- _WORK REQUEST_: In the material below, find the span from the line with "Tips to maintain" to the line with "Das 2018 New" and transcribe only those lines, exactly, ends included, without the pictures.

(DATA TO PROCESS begins)

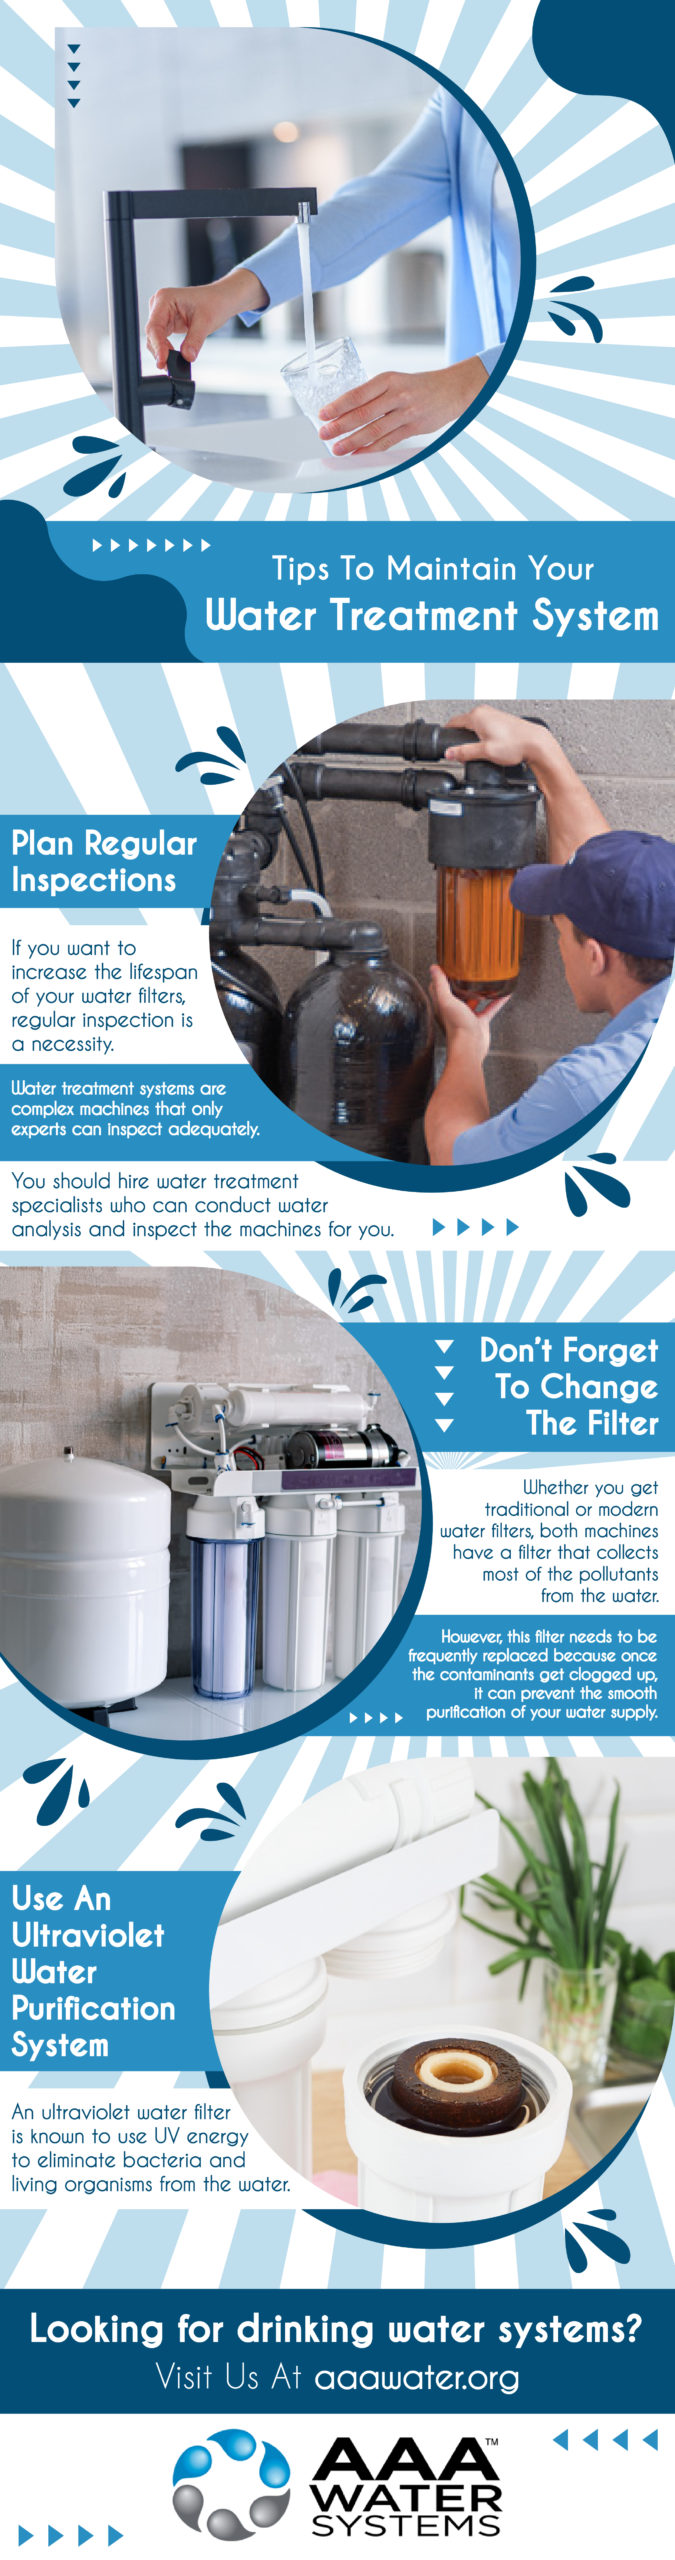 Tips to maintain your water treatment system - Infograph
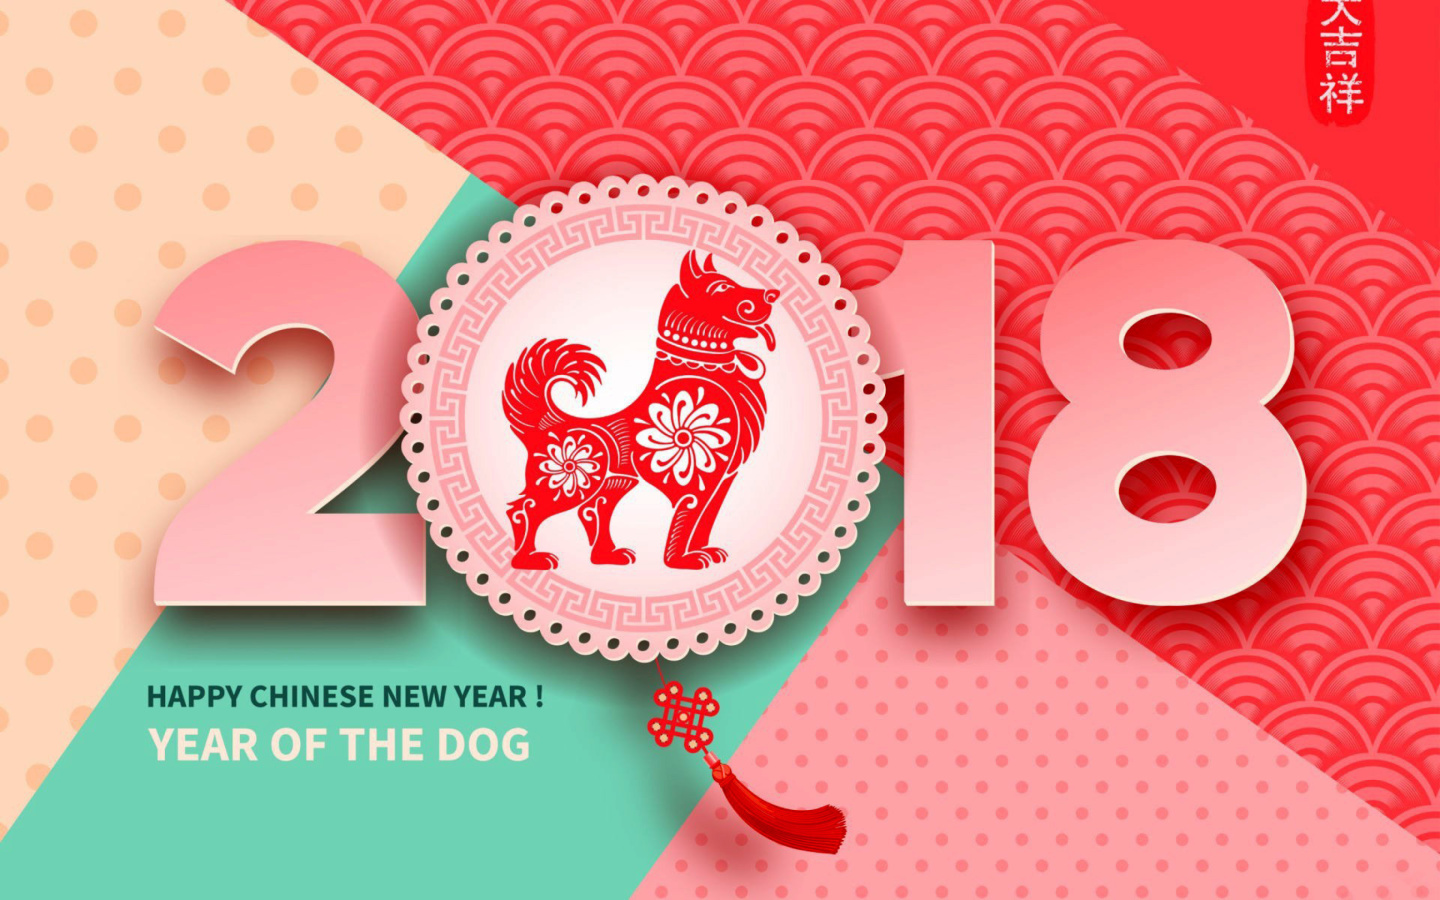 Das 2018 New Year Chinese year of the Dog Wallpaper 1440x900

(DATA TO PROCESS ends)
(DATA TO PROCESS begins)

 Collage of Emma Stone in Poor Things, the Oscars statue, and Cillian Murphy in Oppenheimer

(DATA TO PROCESS ends)

- _ANSWER BELOW_:
 Tips to maintain your water treatment system - Infograph
 Das 2018 New Year Chinese year of the Dog Wallpaper 1440x900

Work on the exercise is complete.